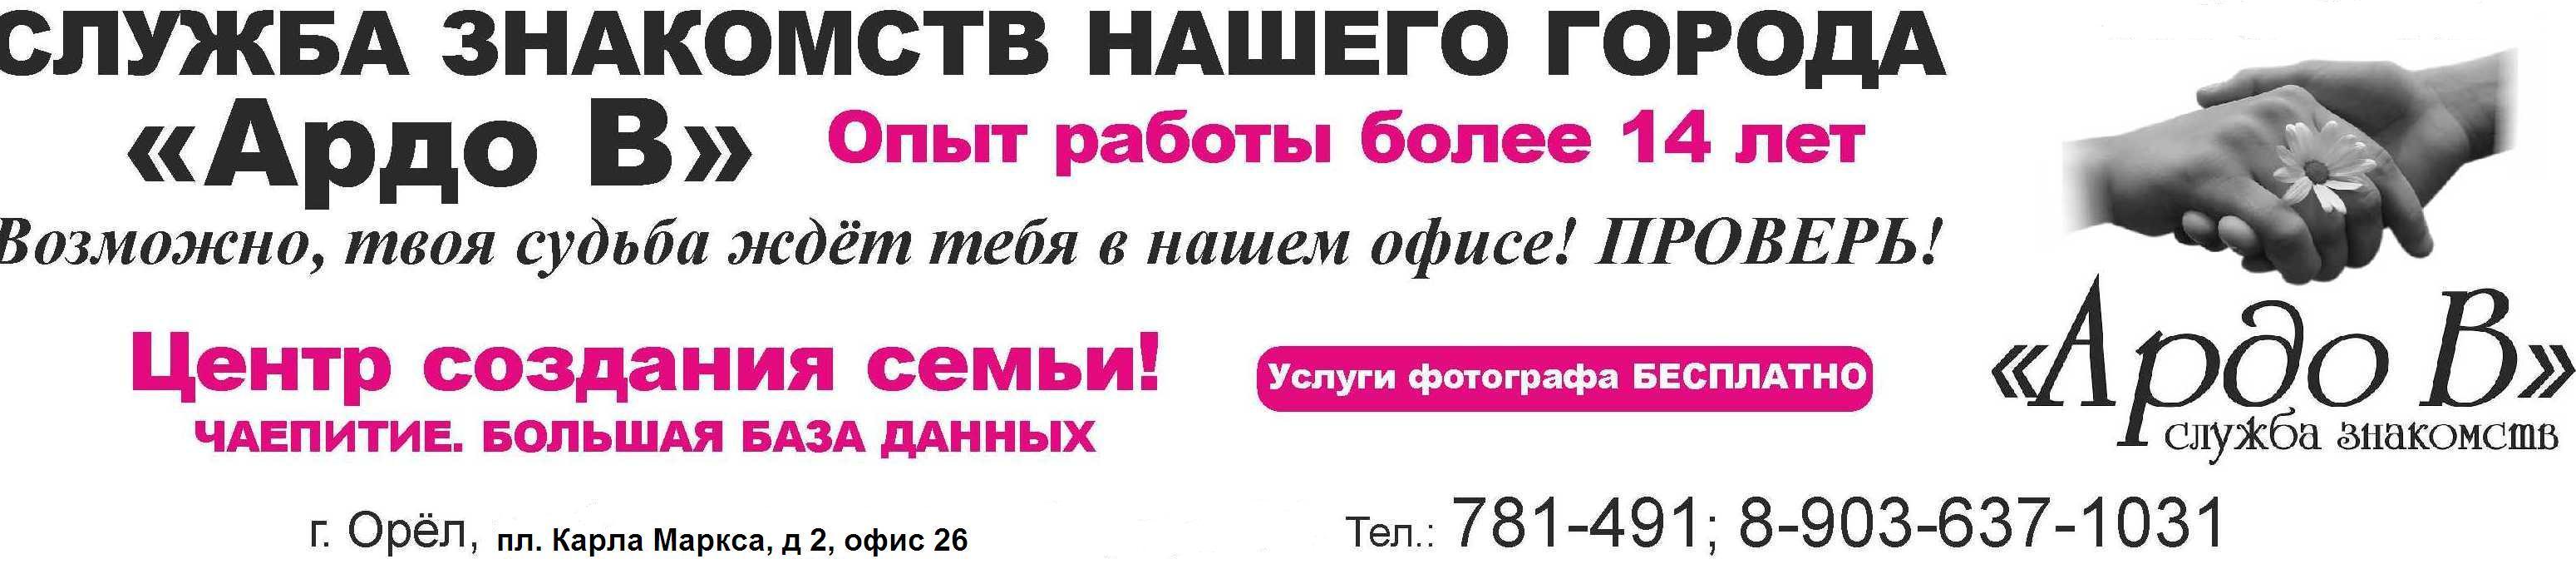 Екатеринбургский сайт знакомств
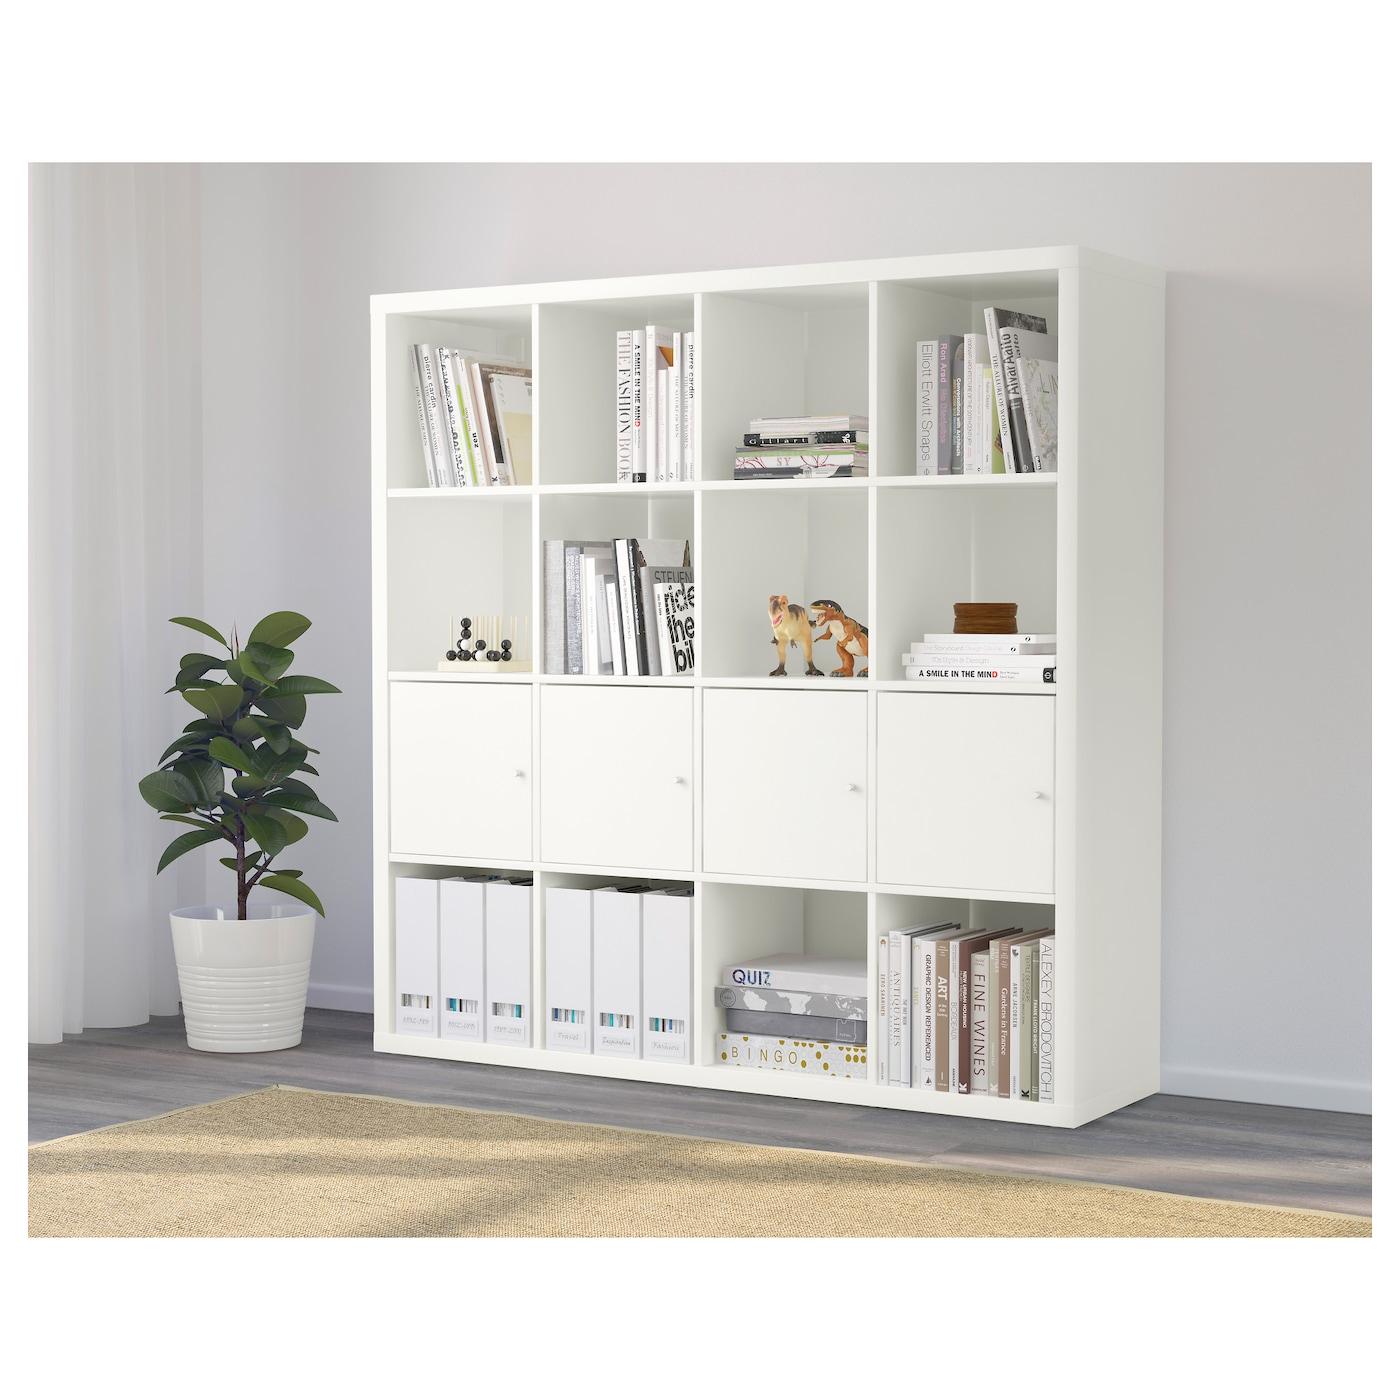 kallax tag re avec 4 accessoires blanc 147x147 cm ikea. Black Bedroom Furniture Sets. Home Design Ideas
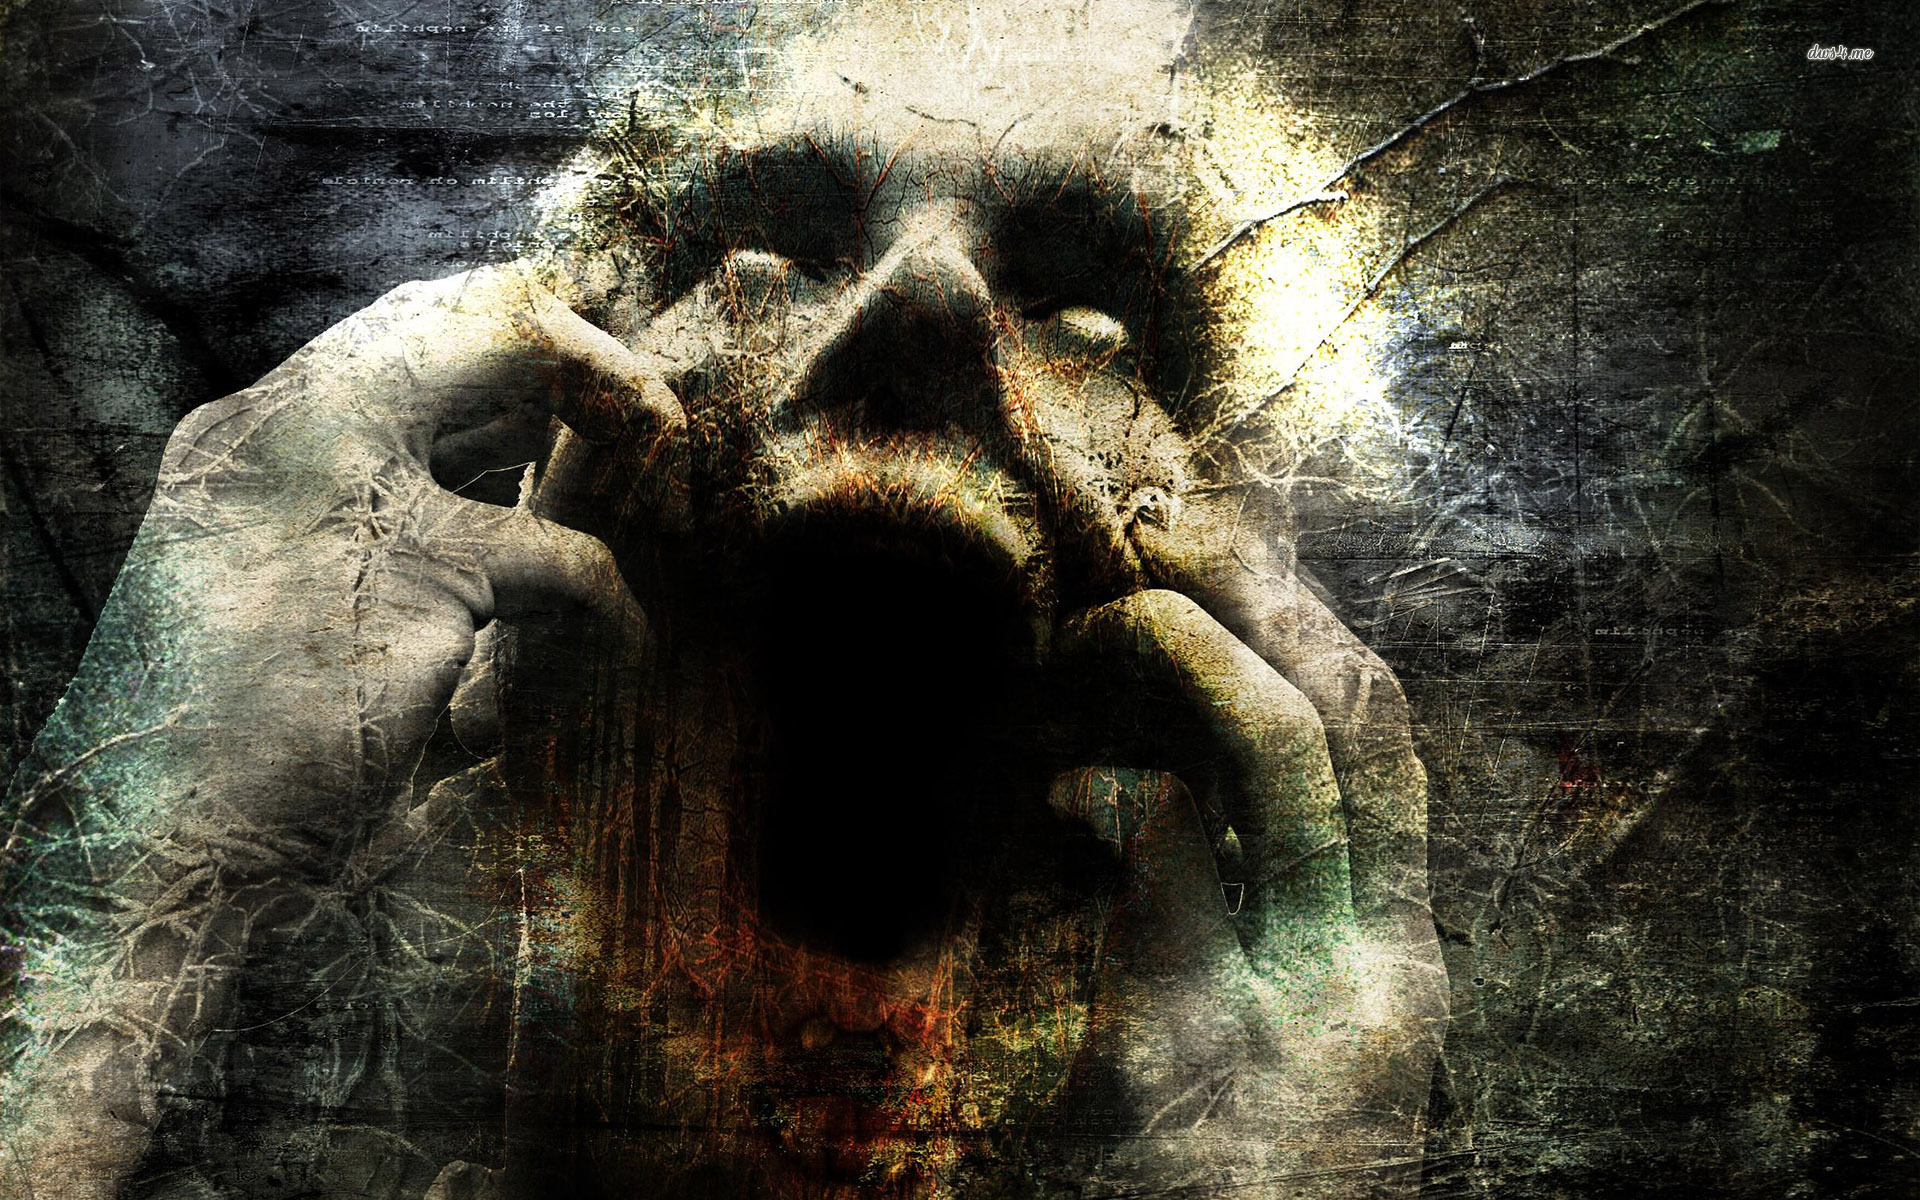 Hd wallpaper horror - Hd Wallpaper Horror

================

**Directions for this task:** The whole listing should be transcribed exactly, though its pictures must be left out.

**Completed task:**
 Екатеринбургский сайт знакомств
 kallax tag re avec 4 accessoires blanc 147x147 cm ikea. Black Bedroom Furniture Sets. Home Design Ideas
 Hd wallpaper horror - Hd Wallpaper Horror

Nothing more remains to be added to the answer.